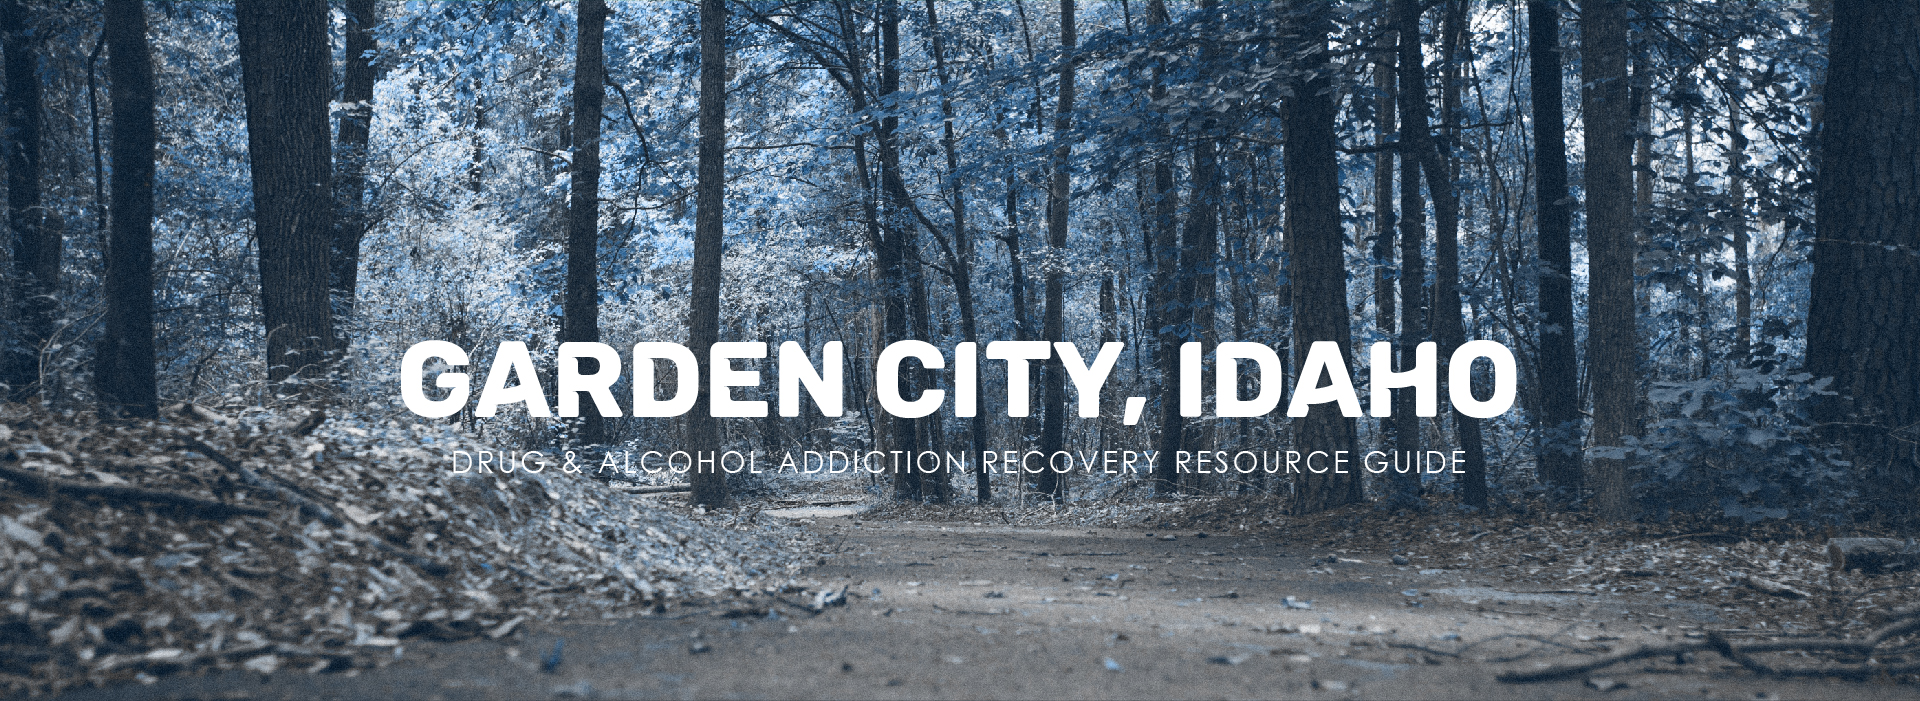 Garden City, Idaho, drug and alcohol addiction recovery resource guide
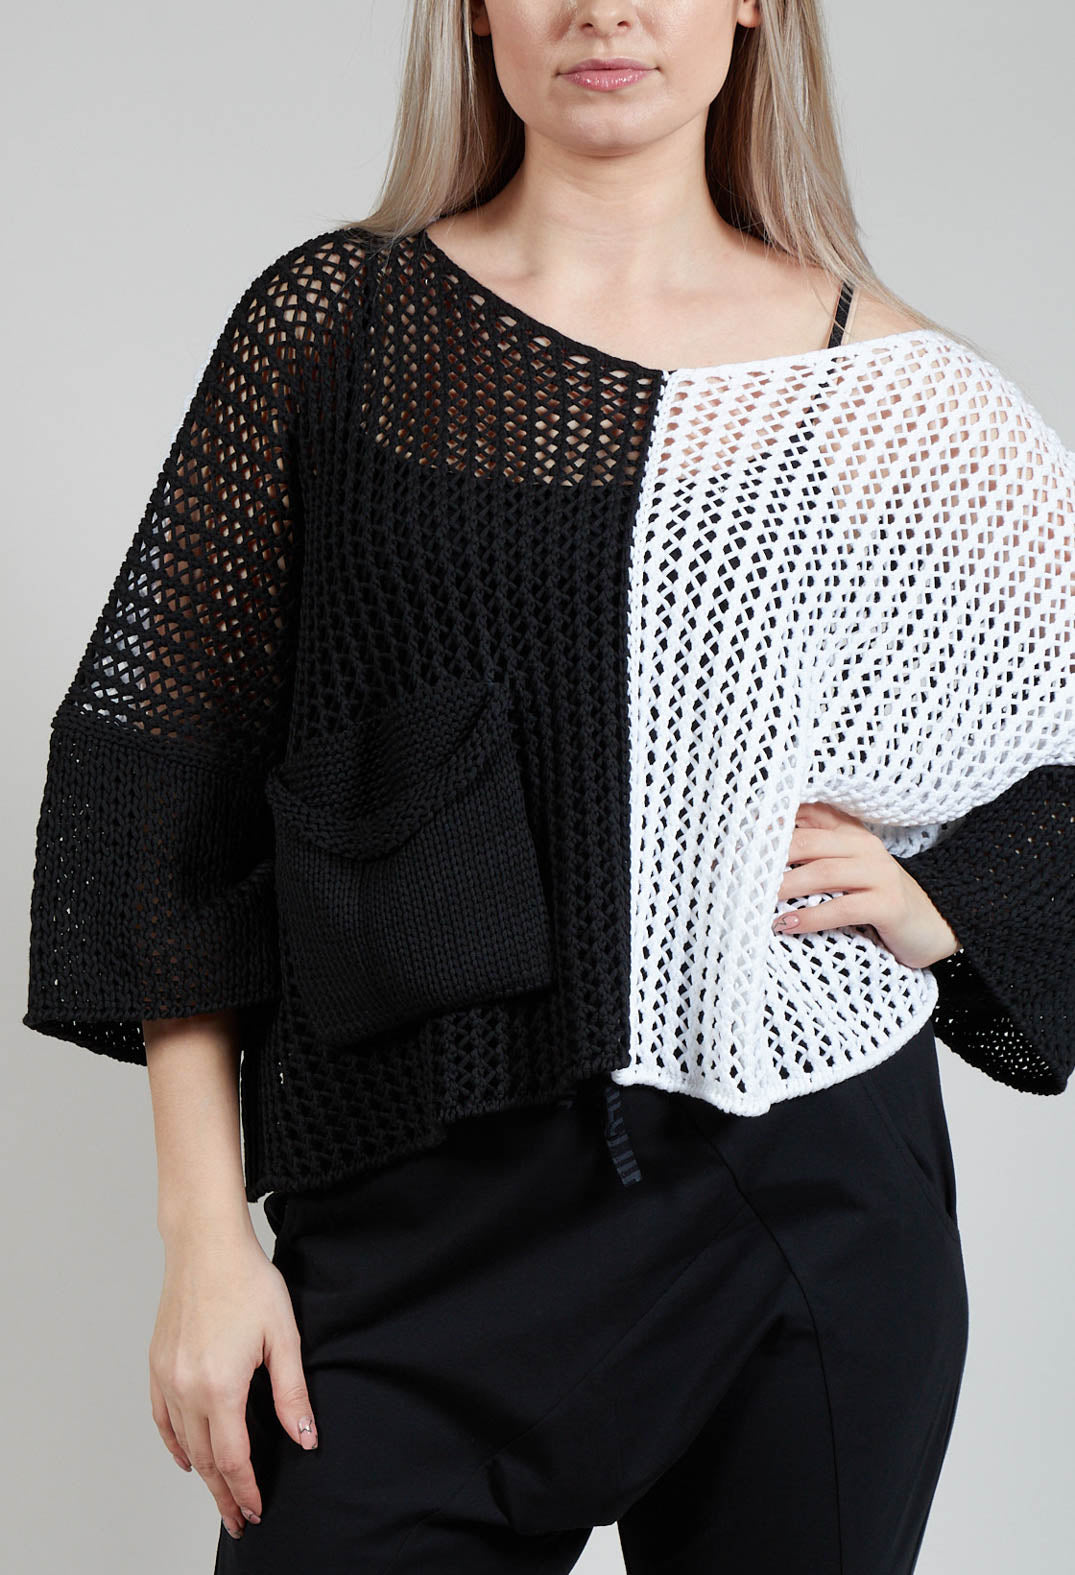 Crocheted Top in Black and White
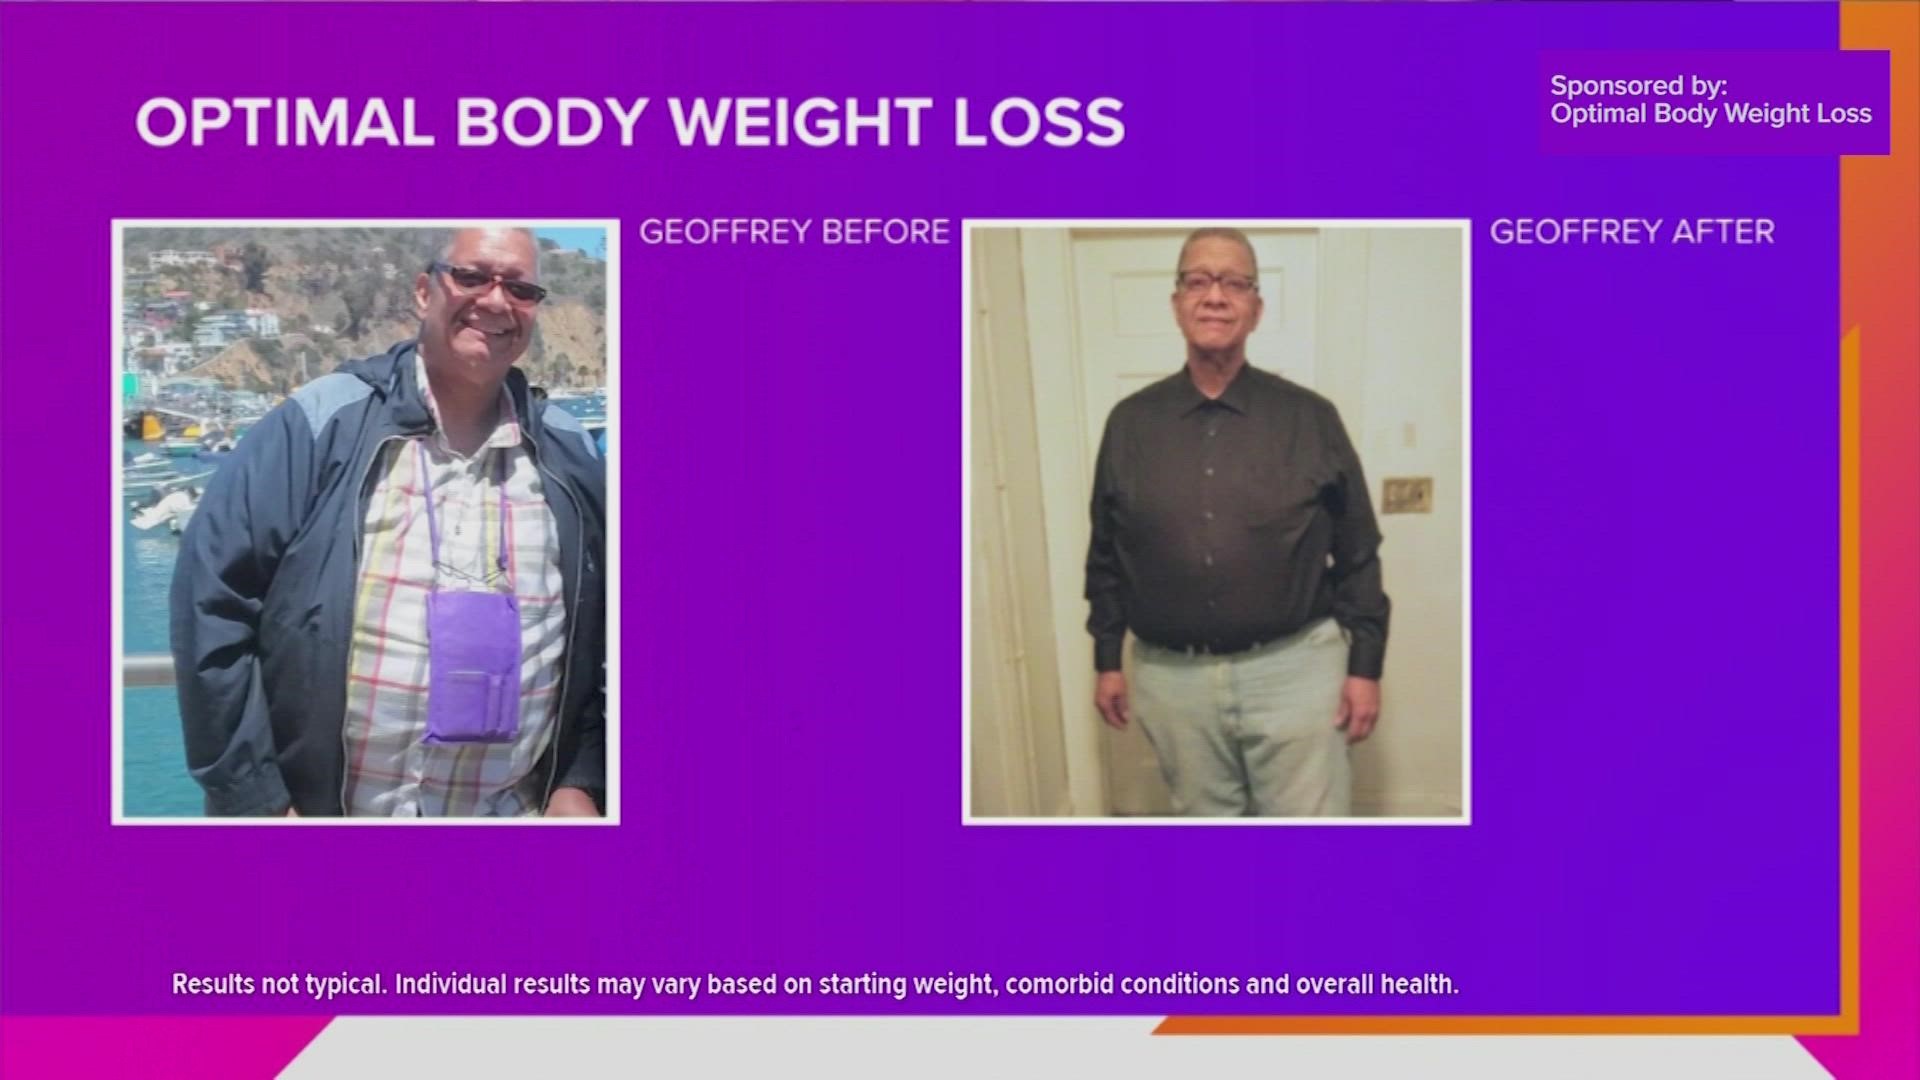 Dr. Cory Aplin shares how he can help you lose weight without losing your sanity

□ □ □ □

» ASSIGNMENT: Please set down, word for word, the lines starting at the line that holds "Crocheted Top in Black and White" and running to the end of the listing, with no pictures.

» SOLUTION FOR THIS EXERCISE:
 Crocheted Top in Black and White
 Dr. Cory Aplin shares how he can help you lose weight without losing your sanity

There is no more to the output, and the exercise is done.